Putting aside any of the climate change arguments, suggesting that successful marketing could make Albany a “city of the future” is absurd. I don’t know what you would have to pay me to be willing to live in Albany, ever, let alone during the winter — but it would be a lot. Like, at least $1.5m a year. And even then, I’m going to be taking many bad for the environment flights to NYC or a more desirable western city as often as possible. I abhor the Midwest (although Chicago, Boulder, and Denver are some exceptions), but if I’m going to have to live in a shithole, I’d rather be in Michigan or Minnesota or even Indiana before I would live in Albany.

The article also seems to ignore non-coastal western and southern cities that aren’t as deeply impacted by climate change. Yeah, Phoenix and Las Vegas might be fucked, but Denver? Salt Lake City?

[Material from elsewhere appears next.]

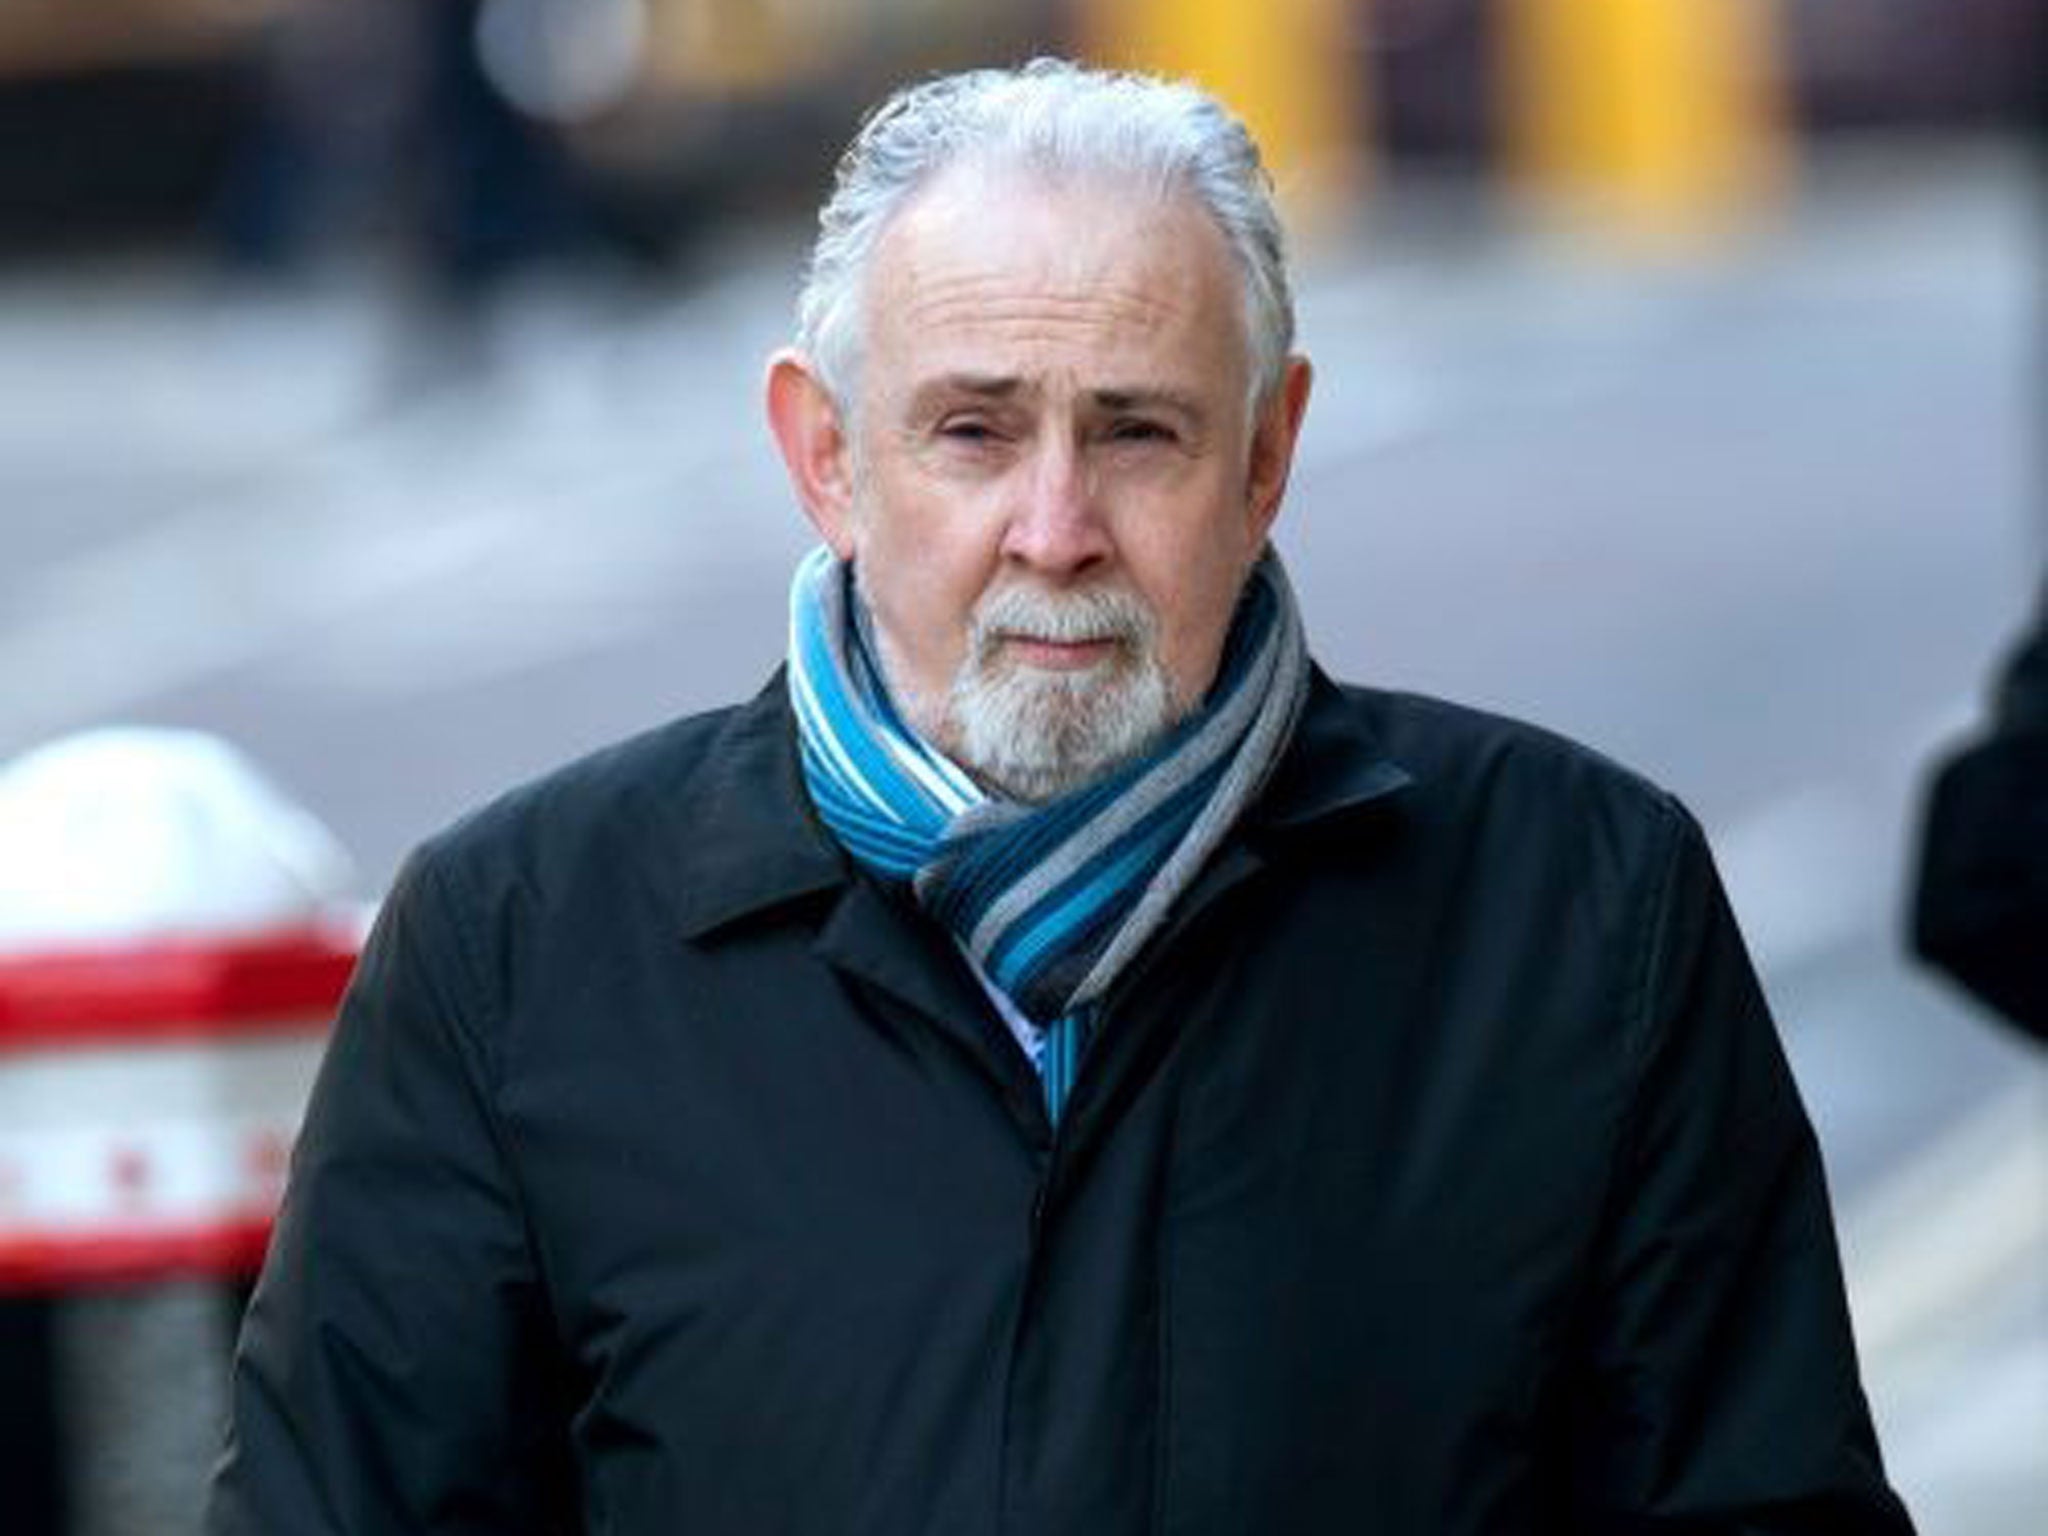 John Downey is to face extradition proceedings
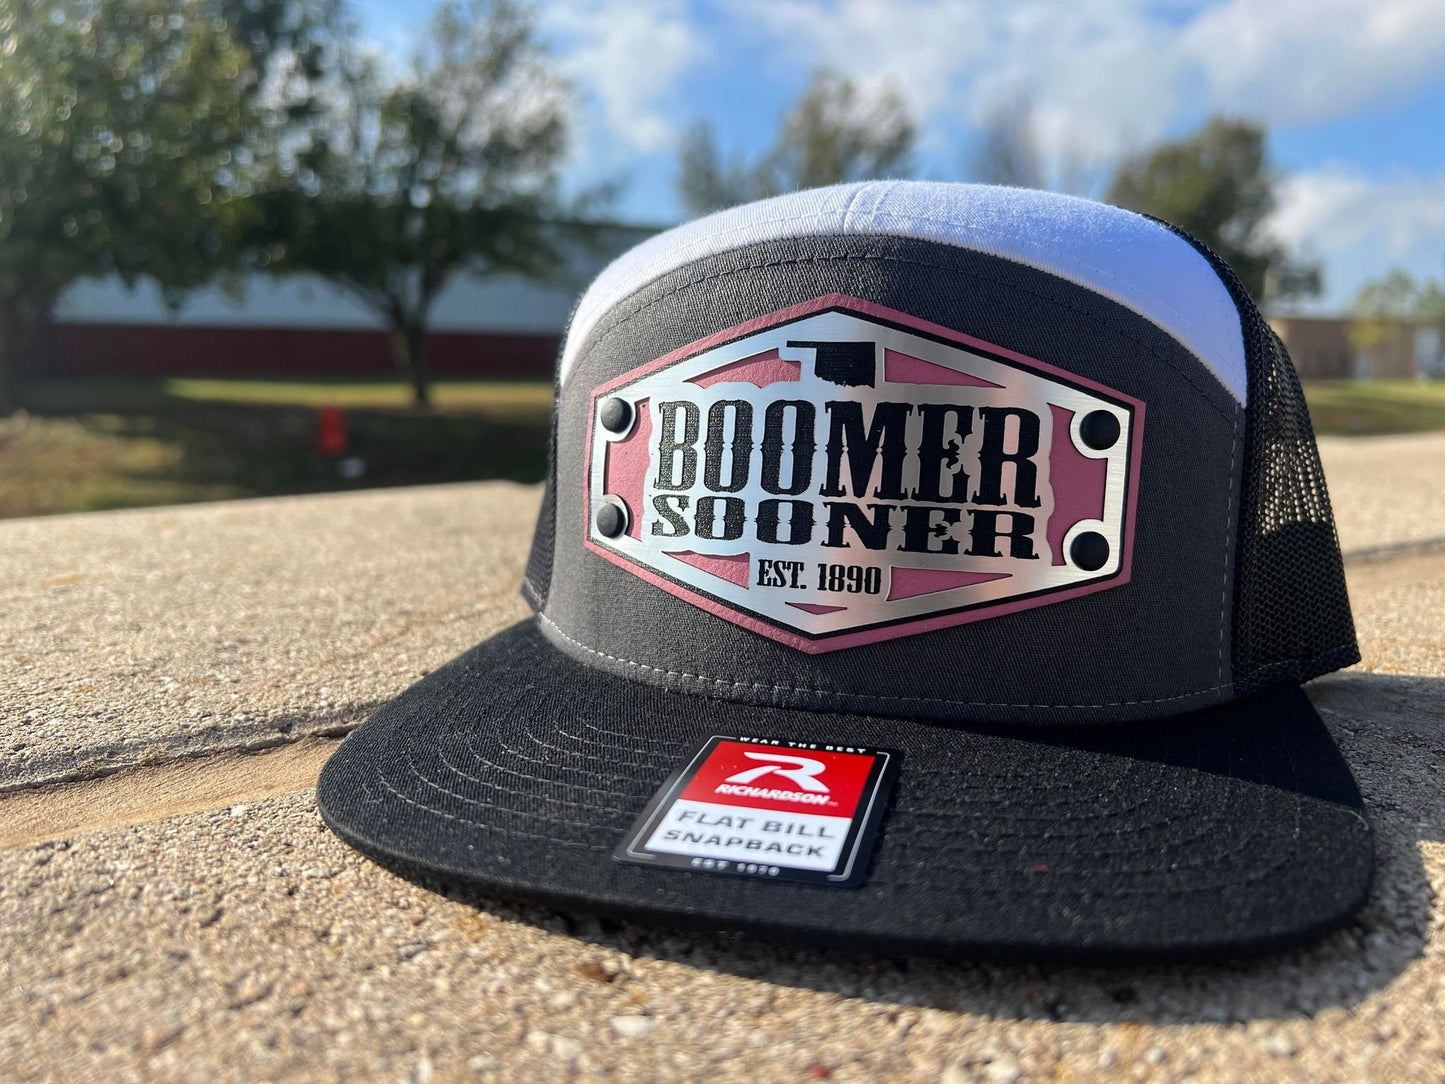 BOOMER SOONER Oklahoma Trucker Flatbill Hat - Leather Patch, Laser Engraved Emblem - Vintage Style - Perfect for Sports Fans!

It says “don’t move west,” but also mentions Seattle, NYC, and Boston and places that need to still concentrate on affordable housing to be attractive — which as a person who has lived in NYC and Seattle, I can tell you housing/rent hasn’t been affordable in NYC compared to the rest of the world in decades and Seattle is getting less and less affordable (I pay more in rent than all but one of my NYC friends and her mortgage is a monthly figure that would make even most New Yorkers choke), housing isn’t affordable because it doesn’t have to be.

5 comments

I grew up in the midwest, and it's not a shithole. You completely forgot Minneapolis/St. Paul, Milwaukee, Madison, Detroit, Ann Arbor, Des Moines, Omaha, Indianapolis, Cleveland, Cincinnati, Toronto (not US, but still very much in the mix here), hell there are dozens of small, really cool college towns in there too.

I left for personal reasons, and because I prefer super large cities but man... you're writing off A LOT of people.

Also, Colorado is not the Midwest.

> Also, Colorado is not the Midwest.

The eastern half is. Denver is the border.

"if I’m going to have to live in a shithole, I’d rather be in Michigan or Minnesota"

Minnesota is a shithole? As a Minneapolis resident for 20 years now, that's news to me.

Sshhh keep it a secret.
> but if I’m going to have to live in a shithole, I’d rather be in Michigan or Minnesota

That's as crass as when the 45th president of the US described entire countries like that.

clearly you've never been to Albany or Somalia /s
> housing isn’t affordable because it doesn’t have to be.

The high price of housing means there's a shortage. There would be arbitrage available but in many places housing is not being allowed to be built.

I live in a luxury apartment, alone, just outside DC on a junior SWE salary with most of my paycheck left over because the county I live in actually builds.

A warming climate makes winters in cities like Chicago more tolerable with each passing year...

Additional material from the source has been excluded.